About 10% of the cost cutting will come from R&D, mostly in agriculture, where executives see redundancies in work on seed traits. When an analyst pointed out during the conference call that the cuts appeared low relative to the combined firm’s expected $3.6 billion in annual R&D spending, Breen remarked, “You don’t want to affect the future growth of these businesses.”
Of the three companies that will spin out of DowDuPont, the largest will be the materials science firm, which will have an estimated $51 billion in sales. It will combine Dow’s plastics business, a leader in polyethylene and elastomers, with DuPont’s materials unit, which makes engineering polymers and ethylene copolymers.
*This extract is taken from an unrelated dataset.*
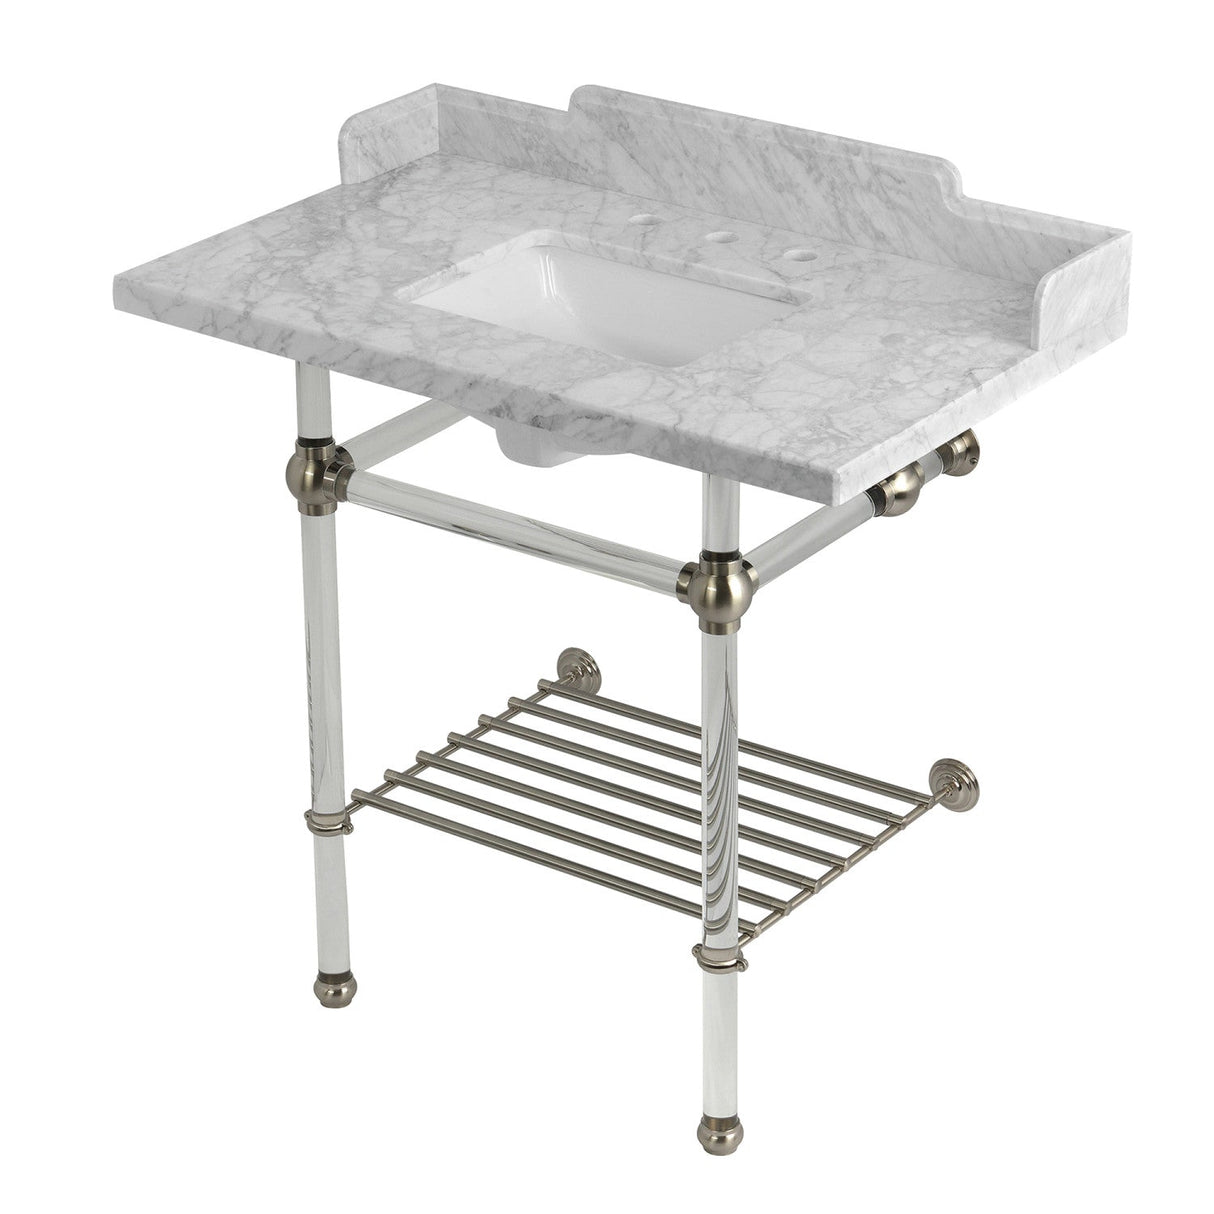 Pemberton LMS36MASQB8 36-Inch Console Sink with Acrylic Legs (8-Inch, 3 Hole), Marble White/Brushed Nickel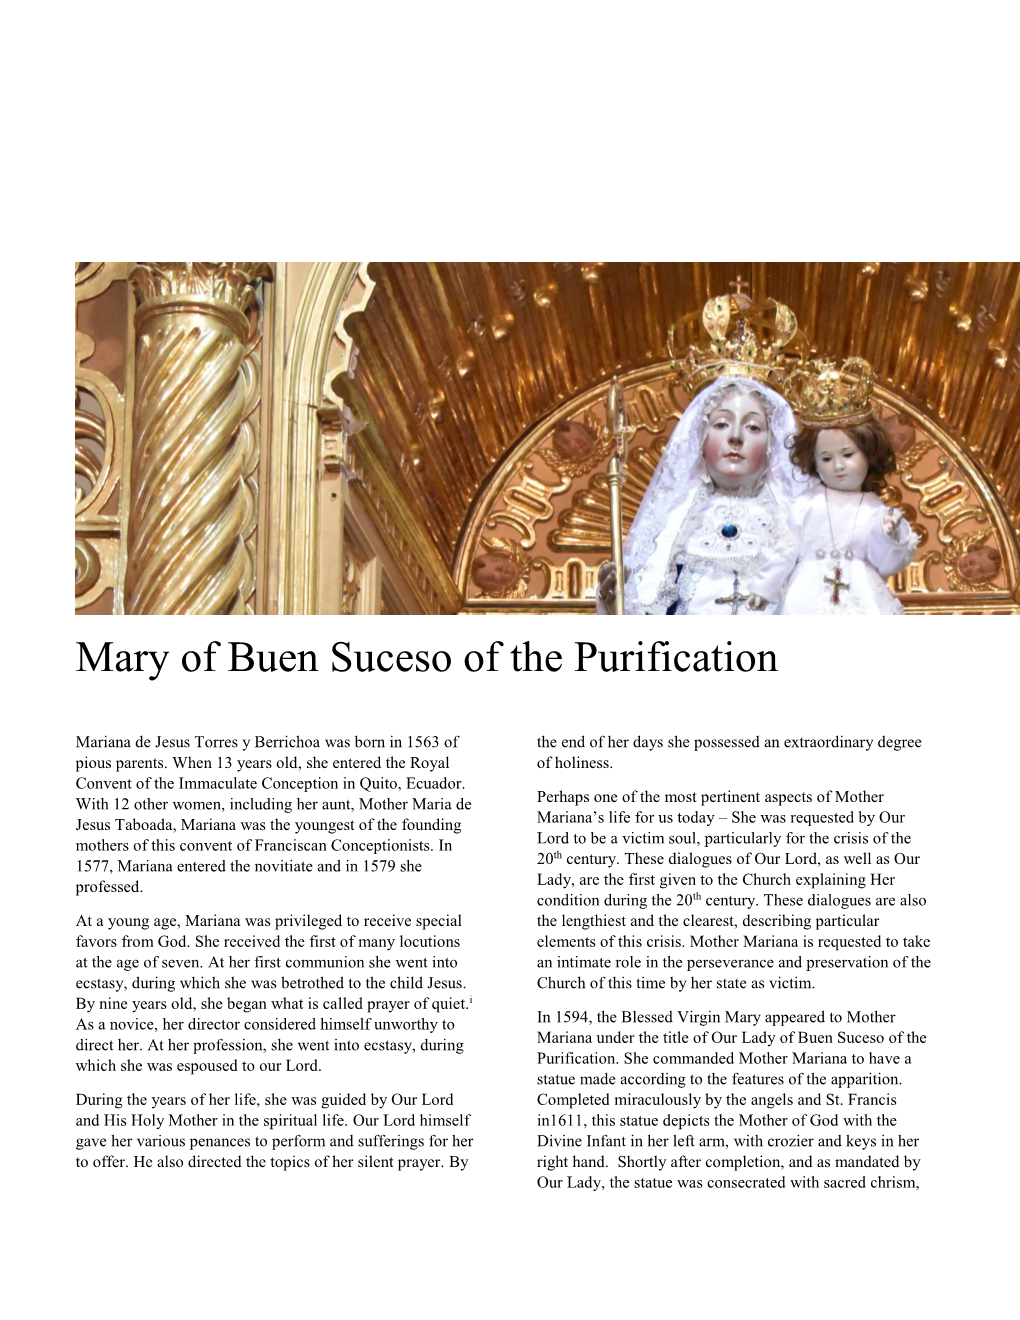 Mary of Buen Suceso of the Purification

Executives boast that the two companies have complementary offerings in packaging, especially in multilayered structures, where, for example, DuPont’s Surlyn resin might be used with Dow’s linear low-density polyethylene. The companies also say their businesses pair well in automotive applications, with Dow specializing in materials for car interiors and DuPont proficient in plastics for under-the-hood applications.
The combined agriculture firm will have $19 billion in sales, evenly balanced between seeds and crop protection chemicals. It will be the sales leader in the sector, ahead of rivals Monsanto and Syngenta. However, other deals may be in the offing. Monsanto, for instance, made an unsuccessful bid for Syngenta earlier this year. The DowDuPont announcement may put pressure on other companies to combine.
The specialty products firm, with about $13 billion in projected sales, will combine Dow and DuPont businesses in electronic materials. It will also get the Dow Corning silicone’s business.
DuPont’s safety and protection unit, which makes well-known brands such as Tyvek and Kevlar, is earmarked for this company as well. Other parts of the specialty products firm will also come from DuPont, including health and nutrition—largely the old Danisco—and industrial biosciences.
Until the three firms are spun off, Liveris will have oversight over the businesses designated for the materials unit, while Breen will be responsible for agriculture and specialty products.
Although the two companies share some markets, Dow and DuPont executives say they don’t expect regulators will force them to make many divestitures before approving the merger. “We do go into the same markets in different spots, but we don’t go head-to-head with each other today,” Dow Chief Operating Officer James R. Fitterling tells C&EN.
In a note to clients, Credit Suisse stock analyst John P. McNulty said he doesn’t see much overlap between the two firms, except perhaps in agriculture. “We believe the likely place we will see some divestitures is in herbicides,” he wrote.
The combined firm will have dual headquarters in Midland, Mich., and Wilmington, Del., where Dow and DuPont, respectively, are now based. The companies have yet to make a determination about the headquarters of the three new firms or the fate of facilities such as Dow’s Philadelphia-area R&D center or both companies’ facilities near Detroit.
Investors were excited over rumors earlier this week that the two firms would combine, sending the stock prices of each soaring by 10%. Wall Street has since cooled somewhat, and DuPont and Dow shares declined in early trading on Dec. 11, when the deal was formally announced, by 5% and 2%, respectively.
Nelson Peltz, an activist investor who has been prodding DuPont to break up, and Daniel S. Loeb, who has been doing the same for Dow, have yet to weigh in on the merger. However, a year ago, Loeb agreed not to publically criticize Dow, an agreement that will expire in the coming days.
Recent weeks have seen deal mania in chemistry. Just last month, Pfizer and Allergan agreed to merge into a company worth $160 billion. Like the Dow-DuPont deal, that one involves a possible corporate split later on to form separate companies, one focused on innovative products and the other on generic drugs.